MATERIAL PROVIDED:
○ ○ ○ ○

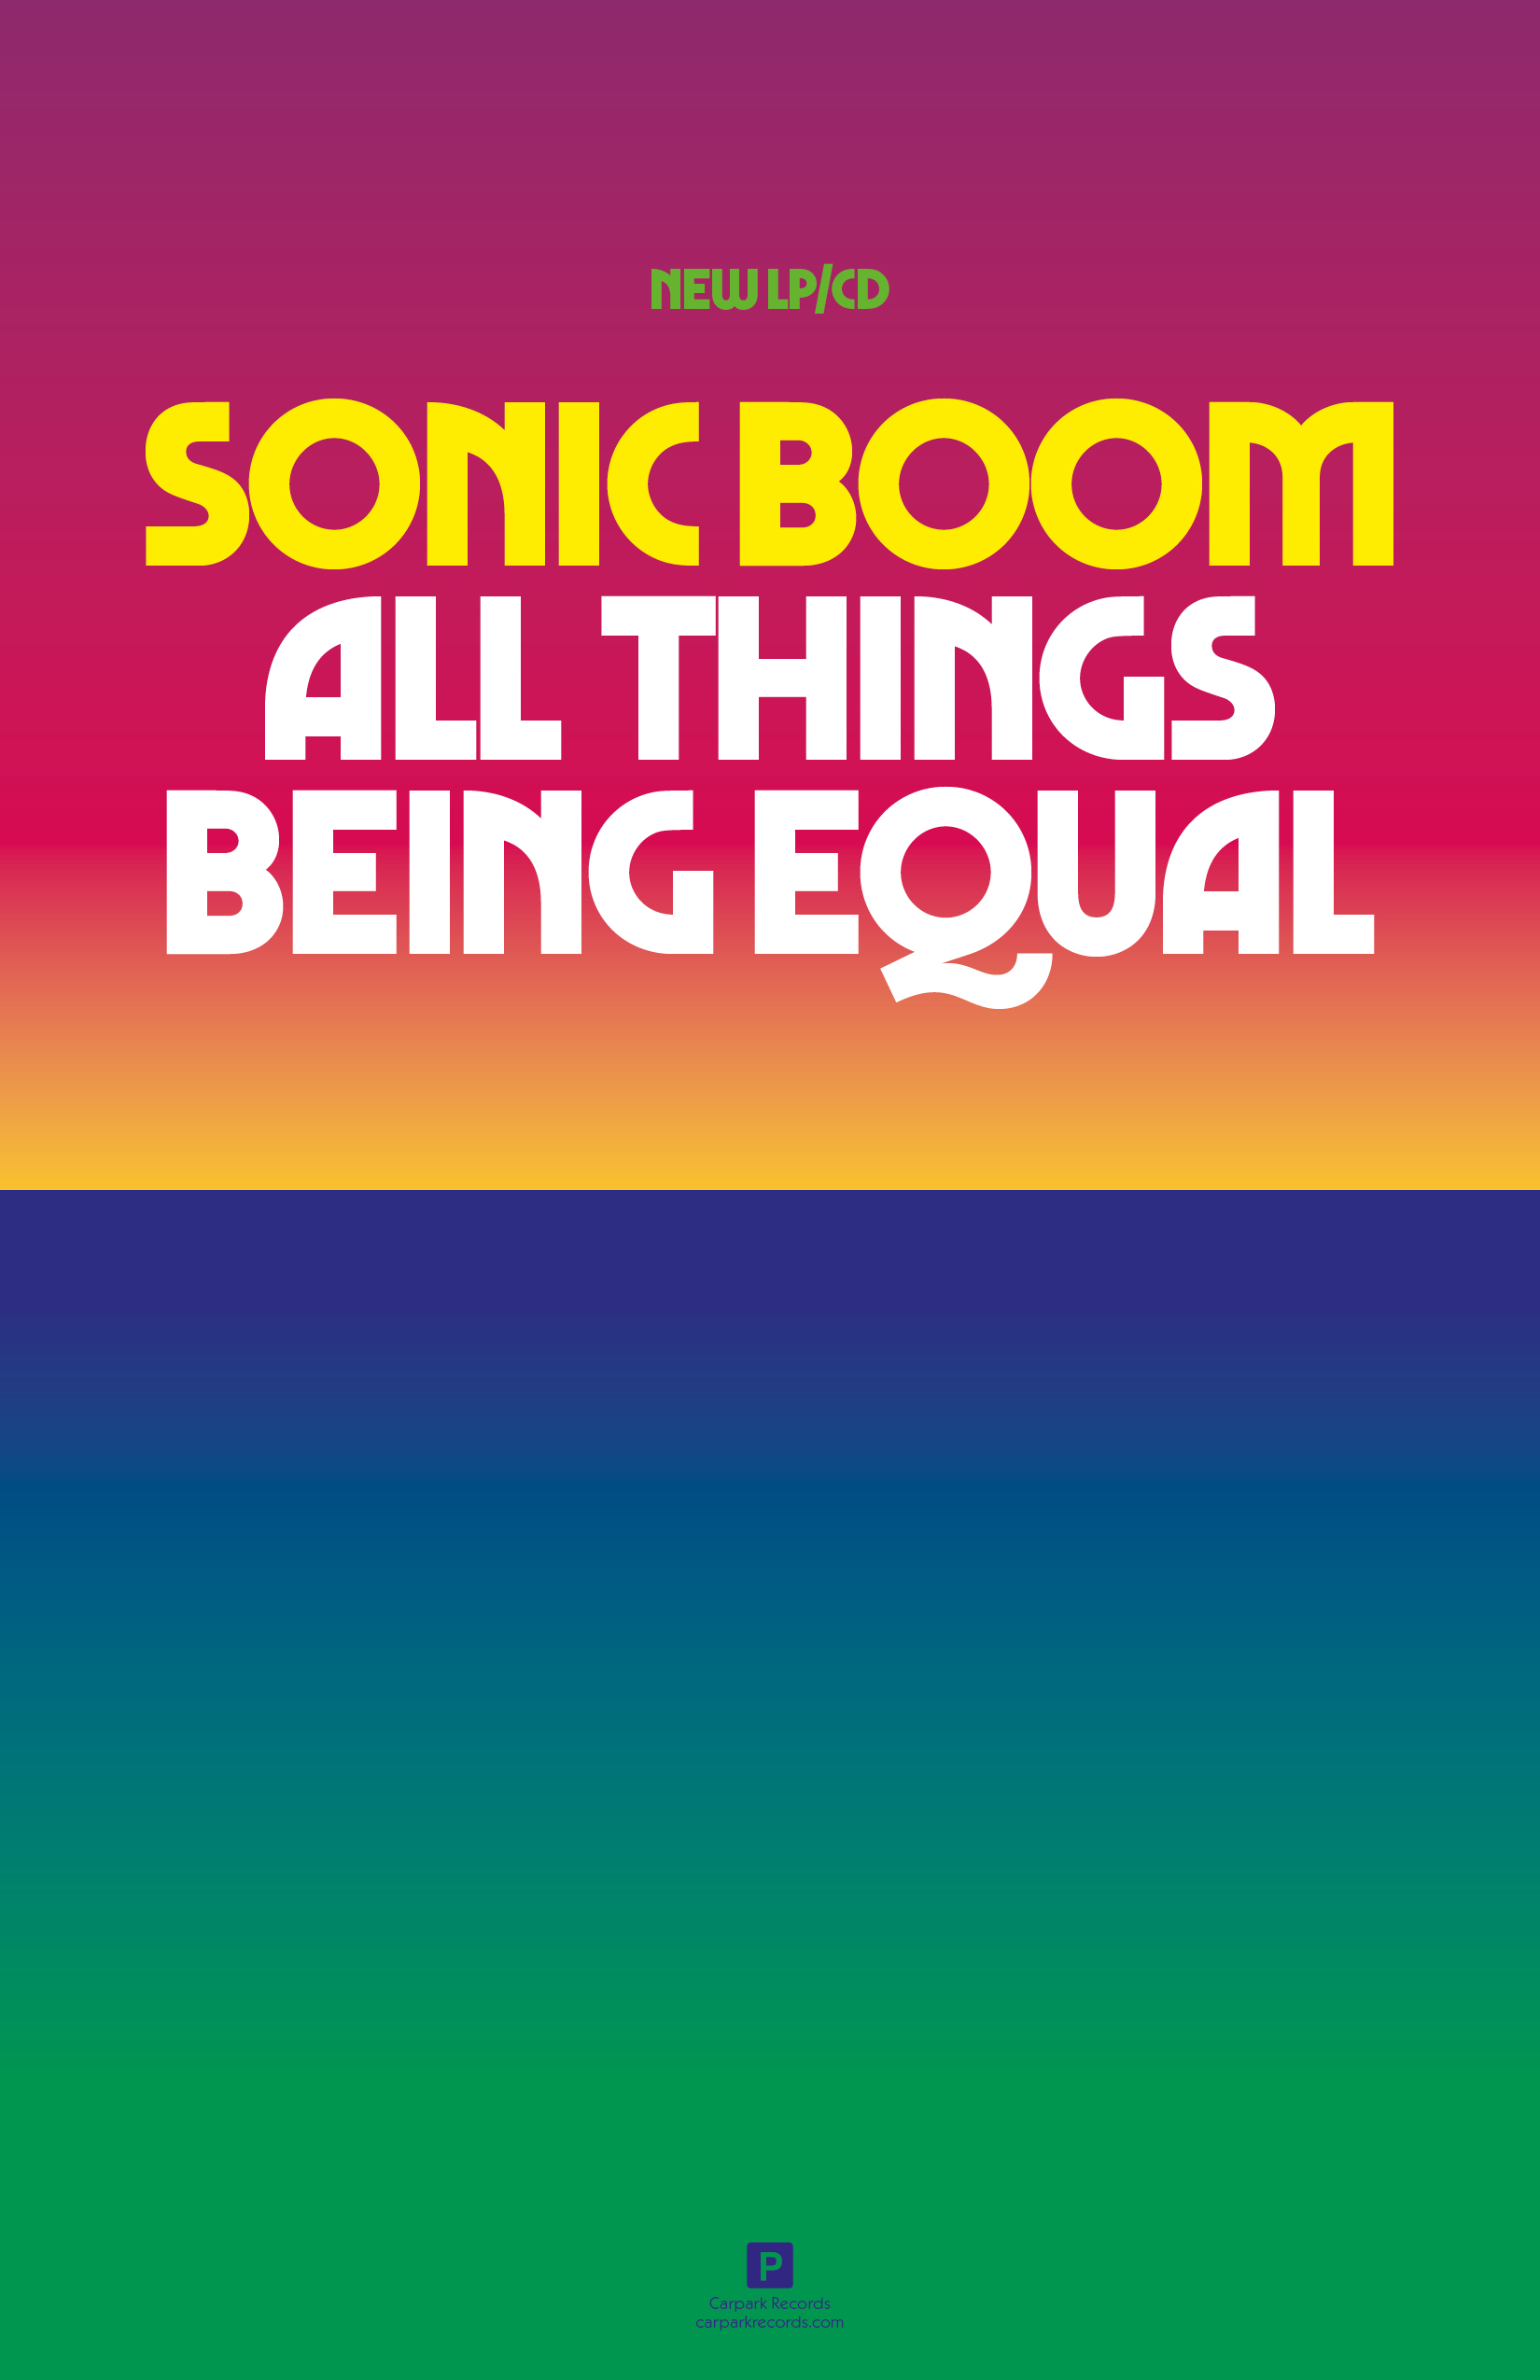 Sonic Boom 2020. New LP. All Things Being Equal.
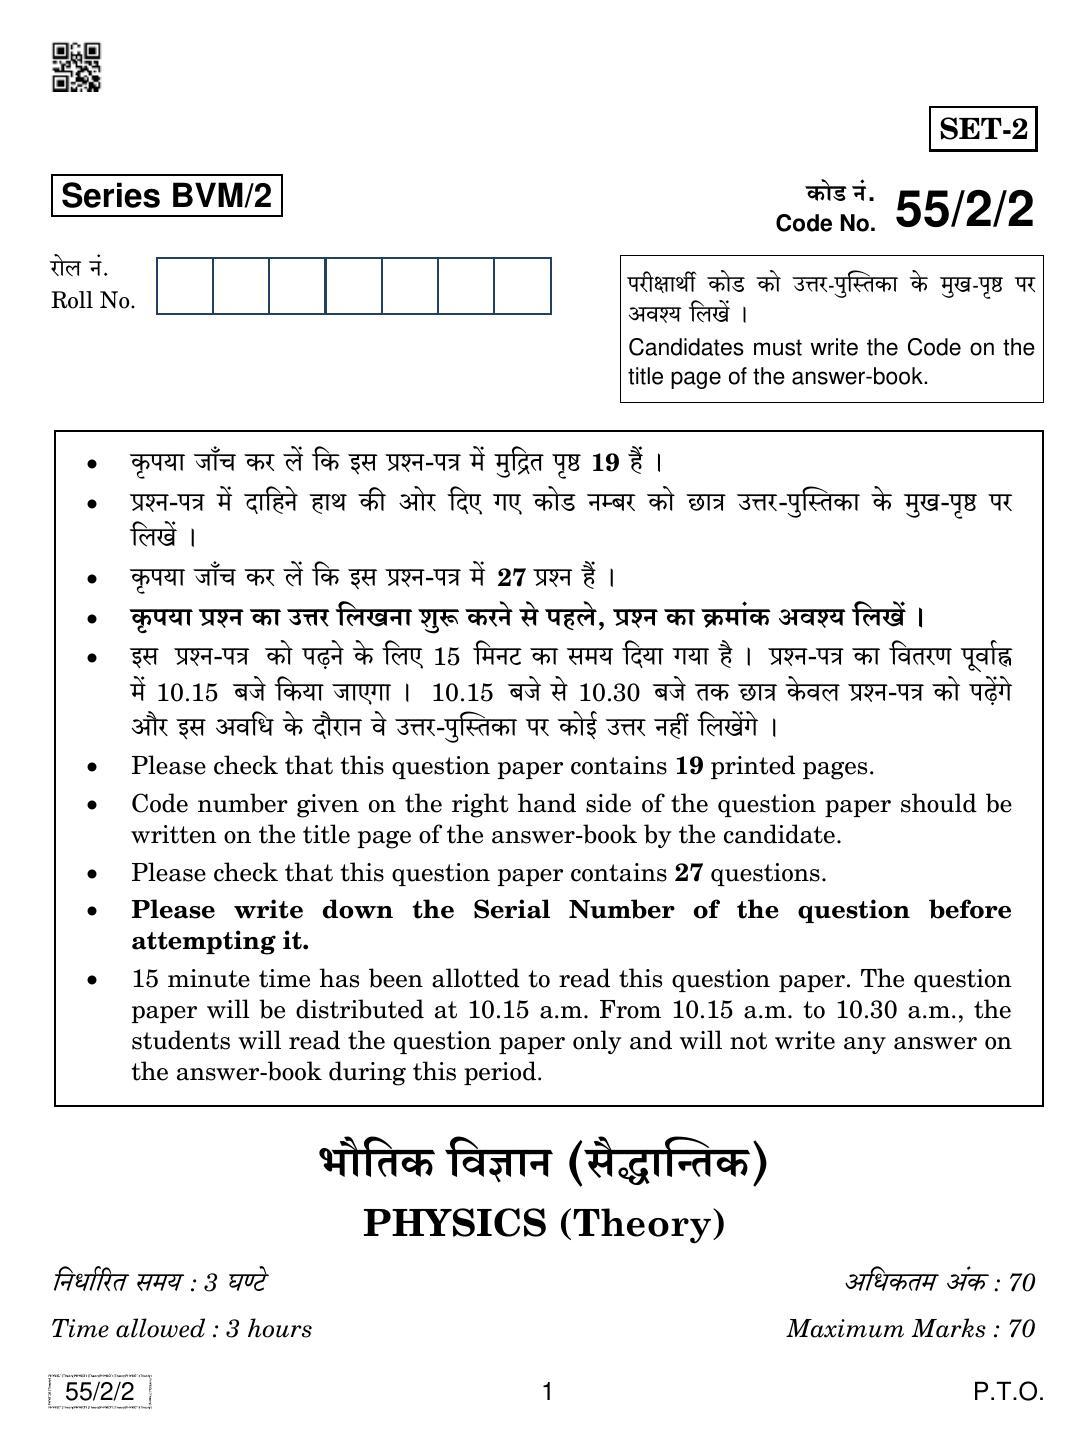 CBSE Class 12 55-2-2 Physics 2019 Question Paper - Page 1
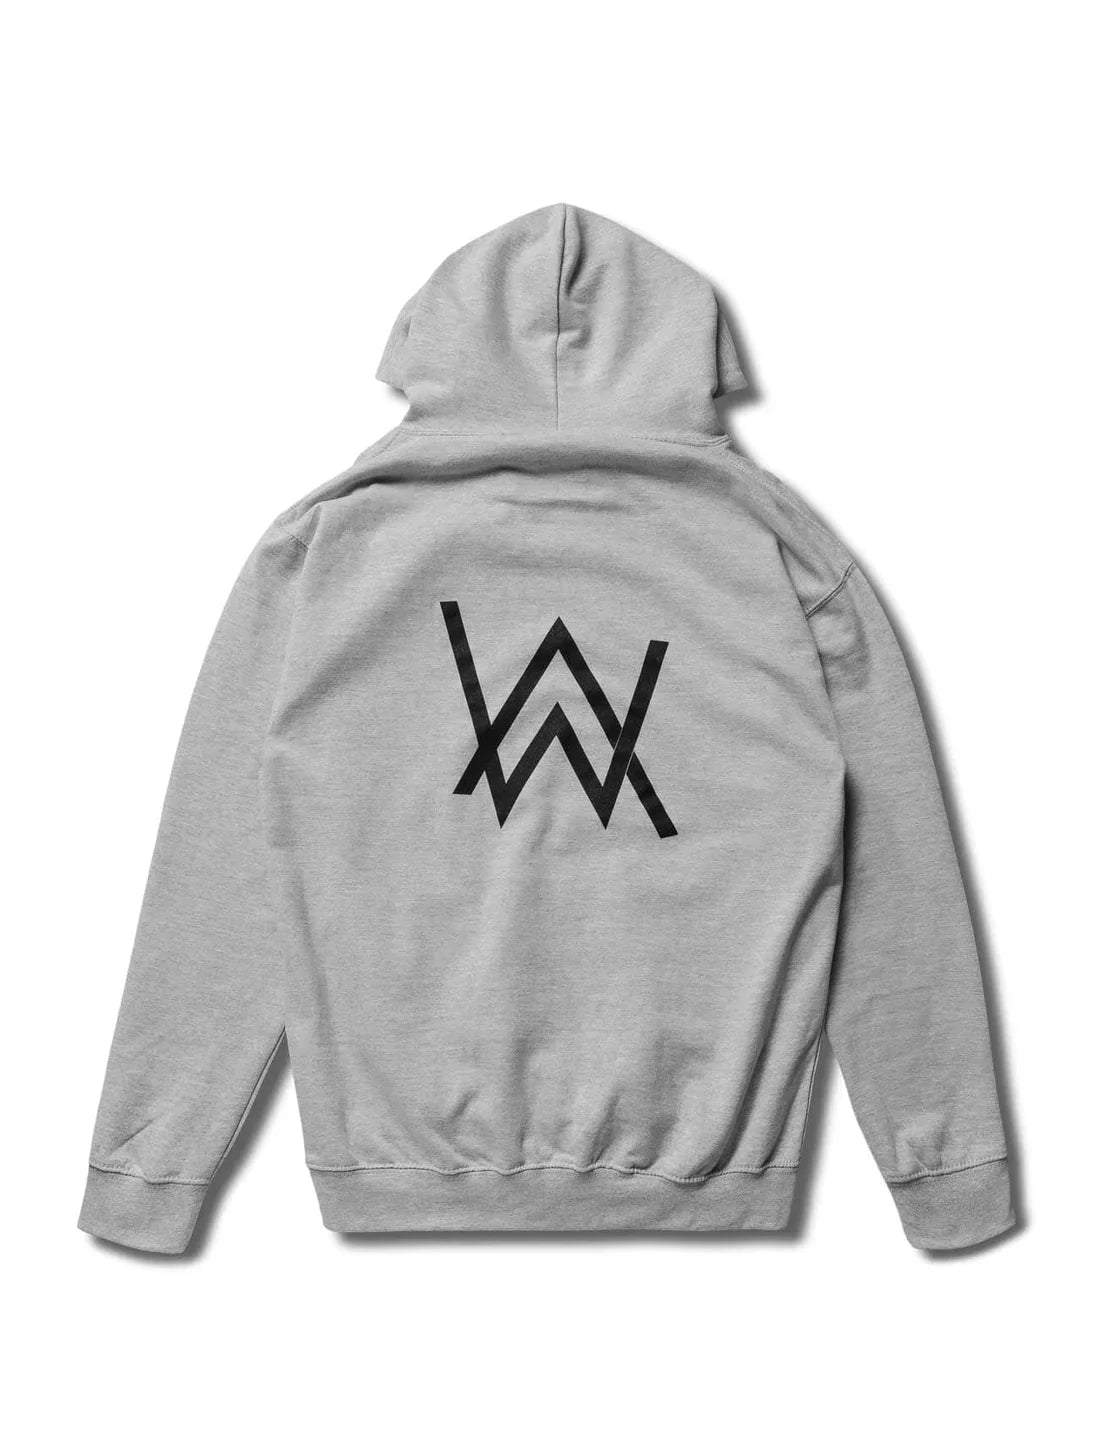 Back view of the grey Potato Logo Hoodie highlighting the bold Alan Walker logo in contrasting black.
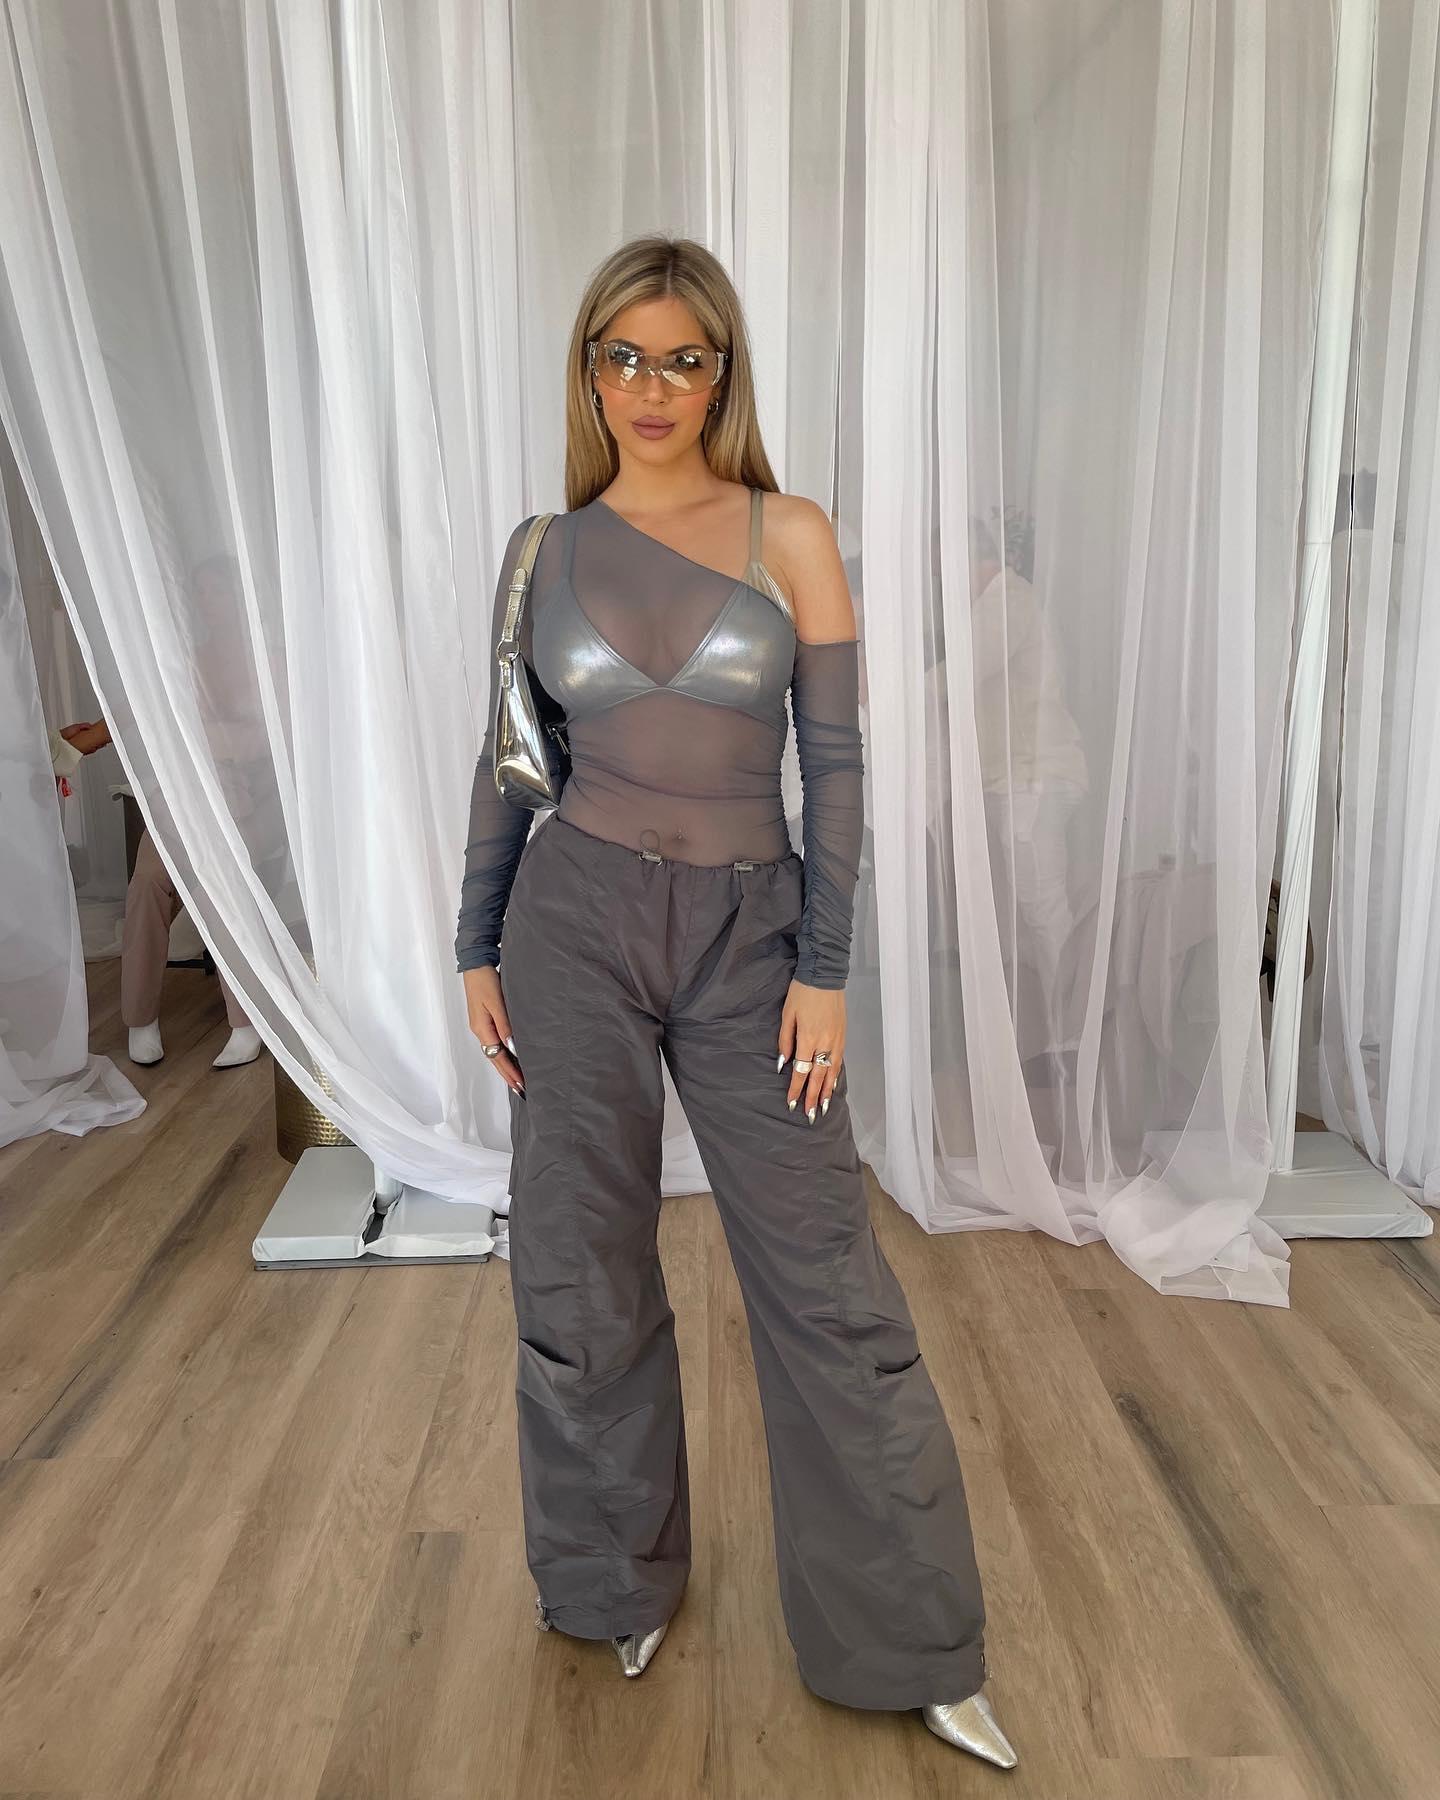 Sophia Pierson gives Y2K vibes in a see-through shirt

○ ○ ○ ○

ASSIGNMENT: Every line above should be printed again word for word, without its pictures.

EXERCISE OUTPUT:
 Sonic Boom 2020. New LP. All Things Being Equal.
 CBSE Class 12 55-2-2 Physics 2019 Question Paper - Page 1
 Back view of the grey Potato Logo Hoodie highlighting the bold Alan Walker logo in contrasting black.
 Sophia Pierson gives Y2K vibes in a see-through shirt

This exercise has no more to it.